Initially, defendant claims the statute of frauds protects her from liability tied to the oral loan agreements, which comprised more than $100,000 of the $152,250.82 judgment. See N.J.S.A. 25:1-15 ("A promise to be liable for the obligation of another person, in order to be enforceable, shall be in a writing signed by the person assuming the liability or by that person's agent.").
Defendant collaterally argues she was not party to the oral loans and thus is not liable to plaintiff.
In her complaint, plaintiff contends "Perry and [defendant], personally, and on behalf of Canvas House, promised to repay all loans in full." The record indicates that none of plaintiff's checks or bank transfers representing the loan proceeds was payable to defendant. With the exception of one check, all checks were payable to "Canvas House Antiques." The remaining check was payable to an attorney, with a notation in the memo line indicating: "Perry Ford: Divorce Retainer." Plaintiff's claim that defendant is personally responsible as the guarantor of Perry's oral debts, in excess of $100,000, appears to be a proper subject of N.J.S.A. 25:1-15, although we do not resolve that question here conclusively.

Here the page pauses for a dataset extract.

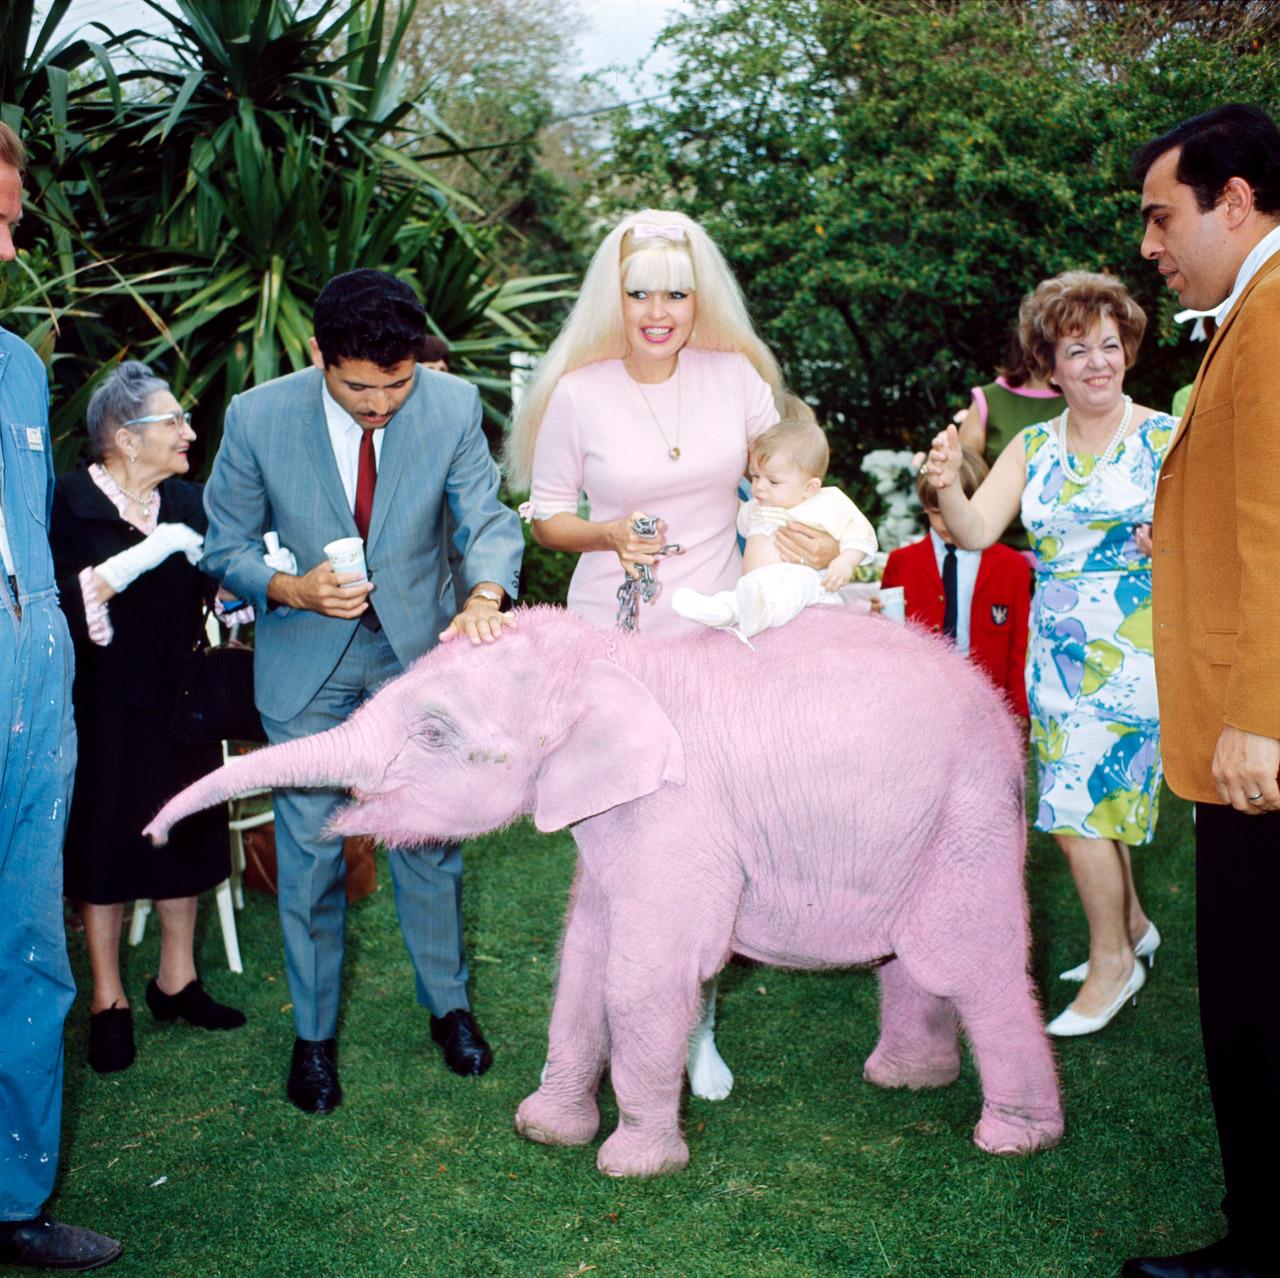 http://2.bp.blogspot.com/_1I7KiCuAU4k/TGwneH5GQKI/AAAAAAAAGUk/rXUSSHWZ0qk/s1600/jayne_mansfield_pink_elephant.jpg

Section 8.1 of the PSA provides, in pertinent part: "each party shall be solely responsible for his or her legal . . . fees incurred in connection with the negotiation and execution of this Agreement and obtaining a Judgment of Divorce." We do not understand how plaintiff could have appropriately certified, by referencing the check, that defendant owed plaintiff money for her ex-husband's counsel fees. --------
Further, in Delaware Valley Wholesale Florist, Inc. v. Addalia, 349 N.J. Super. 228, 232-33 (App. Div. 2002), we held that forgery constituted a meritorious defense. That case concerned a guaranty of corporate indebtedness where the defendant claimed her signature on the guaranty was forged. Id. at 229. The defendant failed to answer the complaint and an arbitration award was entered in plaintiff's favor. Id. at 230. The defendant moved to set aside the award, but the trial court denied her motion. Ibid. Ultimately, the defendant's former husband admitted to signing defendant's name on the document, but claimed he did so with her permission. Ibid. While the judgment in Addalia arose from the defendant's failure to appear at the arbitration, we analogized that situation to a "judgment [on] . . . a motion to vacate[, which] 'should be viewed with great liberality, and every reasonable ground for indulgence is tolerated to the end that a just result is reached.'" Id. at 232 (citations omitted). Thus, we concluded the defendant's forgery claim was a "meritorious defense worthy of judicial determination." Id. at 233.
Here, defendant asserts her signature on the separate signature page of the October 15, 2010 loan agreement was forged. In support, she notes the first page of the agreement explicitly states "[t]his agreement is between: Christina Kempa . . . and Perry Ford." Defendant is not identified as a party to the agreement. Although in Addalia the former husband admitted to forging the defendant's signature, and there is no such admission here, the forgery determination is an issue for the trier of fact.
In sum, we find the trial court mistakenly exercised its discretion in denying defendant's motion where, as here, she has asserted meritorious defenses. Accordingly, we reverse and remand the matter to the trial court. On remand, the trial court shall enter an order vacating the final judgment, solely as to defendant, forthwith. Defendant may then file a responsive pleading within fourteen days, and the trial court shall conduct a case management conference within thirty days to set an appropriate discovery schedule.
Reversed and remanded for proceedings consistent with this opinion. We do not retain jurisdiction. I hereby certify that the foregoing is a true copy of the original on file in my office.